THE MUSEUM OF MODERN LOVE

York Theatre, January 25.

8.5/10

Heather’s Rose’s 2016 novel, The Museum of Modern Love, being vast in scope, elaborate in structure and intensely internalised, seemed to defy transposition to the stage. But playwright Tom Holloway has succeeded by smoothing out the structural twists and snaking subplots, making the pervasive sadness about as in-your-face as your mask, and, in a truly inspired decision, by omitting the protagonist.

Aileen Huynh. Top: Julian Garner. All photos: Ten Alphas.

That protagonist was Marina Abramovic, the real-life, fearless Serbian performance artist, who in 2010 created The Artist is Present, in which she sat for 75 days in the atrium of the New York’s Museum of Modern Art, while one patron after another sat in a facing chair, and they stared at each other. Was it art? Yes. Abramovic made herself the work, and whether they sat with her for minutes or hours, people were often profoundly moved – just like looking at a painting, sculpture or film, except this also carried echoes of the therapeutic release of emotional blockages.

If Abramovic is not among Holloway’s characters, she is still a god-like presence in the play, changing the lives of the mortals blundering about the stage. To a degree, we, the audience, become her, because from an upstage screen the sometimes haunted faces of those sitting with her stare at us. They are mostly as still as statues until they blink, or a tear forms, or the ghost of a smile plays upon a mouth.

Among them is Arky (Julian Garner), a composer, mainly for film. The lifelong sickness of his wife, Lydia (Tara Morice), an innovative architect, has finally resulted in her hospitalisation with no exit clause. She has drawn up a legal document that allows their daughter, Alice (Harriet Gordon-Anderson) to visit her, but not Arky. She wants him to compose, not see her decompose.

Tata Morice and Harriet Gordon-Anderson. Photos: Ten Alphas.

As the title suggests, the work is as much about the nature of love as the nature of art. Five characters – Abramovic, Arky, Lydia, Jane (Sophie Gregg) and perhaps Healayas (Jennifer Rani) have known exhilarating, all-consuming love that was crushing to lose. While the play can’t quite find an equivalence for Rose’s stunning luminosity of prose, it is still mysteriously beautiful, challenging, confronting and poignant. Indeed Lydia’s relationship with her decay is almost a love-affair of its own: her last great work, she tells us, is not creating a thing, but a disintegration.

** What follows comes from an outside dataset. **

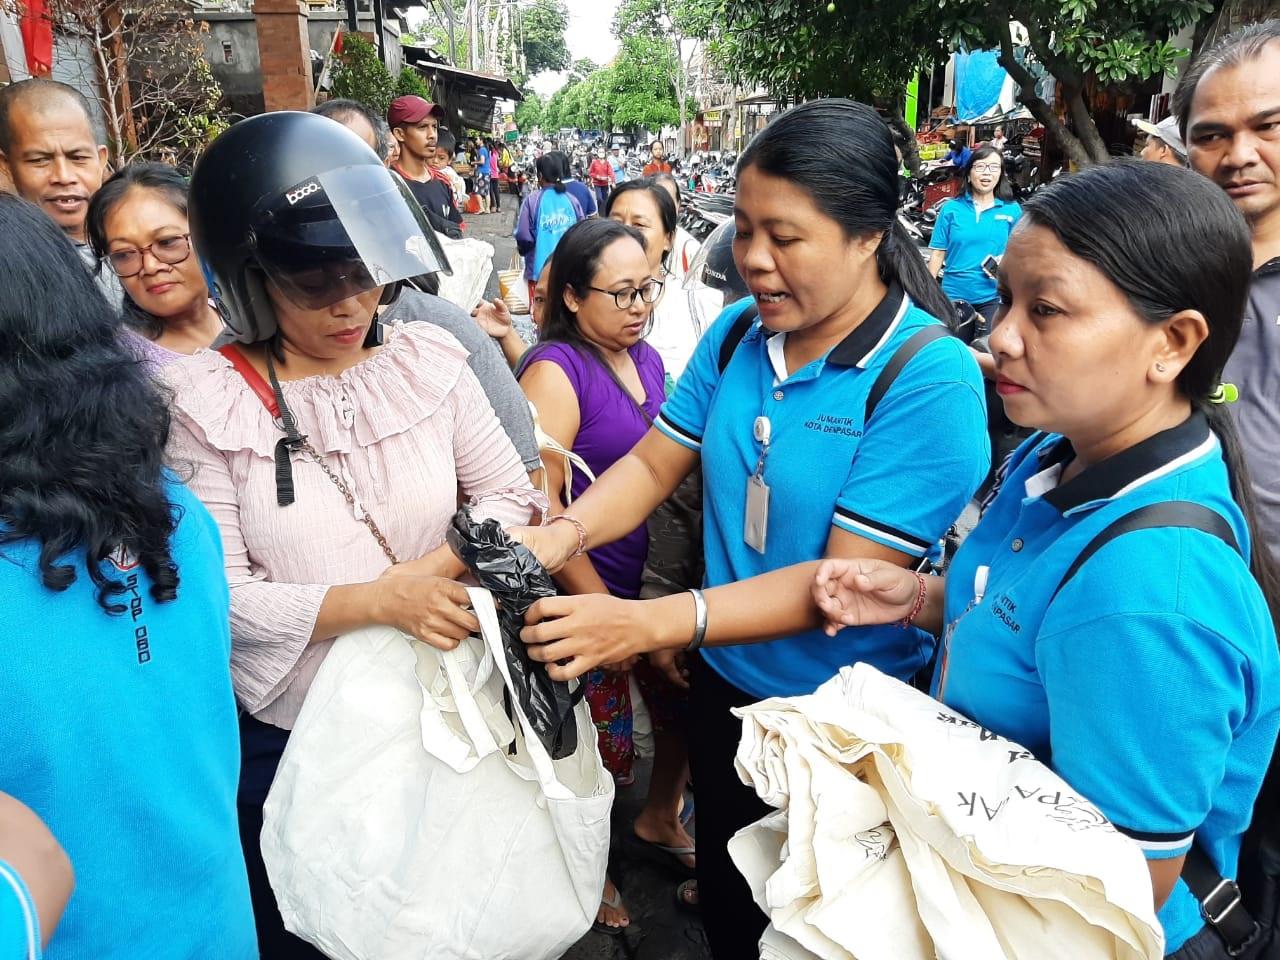 PEMBAGIAN tas ramah lingkungan kepada para pembeli di Pasar Ketapian, Denpasar Timur, Jumat (6/3/2020). Foto: istimewa.

Director Timothy Jones has assembled a superlative cast, completed by Glenn Hazeldine as Arnold, a loud-mouthed critic, Aileen Huynh as Brittika, a feisty student writing a PhD on Abramovic, and Justin Amankwah portraying incidental characters. Garner’s Arky pulsates with nervous energy, creative energy, guilt and despair. Morice’s Lydia is a heart-rending shell, inside which still lurks a kernel for Arky to try to grasp. Gordon-Andersons’s Alice is convincingly combative, suspicious and hurt: the daughter of two artists who has opted out, into medicine.

Veronique Benett’s costumes are astutely evocative, without suggesting pastiches of the characters, as they dash themselves against life on Stephen Curtis’s Spartan set. The play deftly caters for those unfamiliar with the book, yet one senses it should be even more affecting than it is. A more glaring – although more readily solved – problem lay with vocal projection, especially in the first third of the 100-minute performance. The actors were miked up, partly so reverb effects could suggest the gallery’s cavernous atrium, but the cast must follow Hazeldine and Rani’s lead, and not rely on the amplification. With that addressed, this will be an unmissable jewel.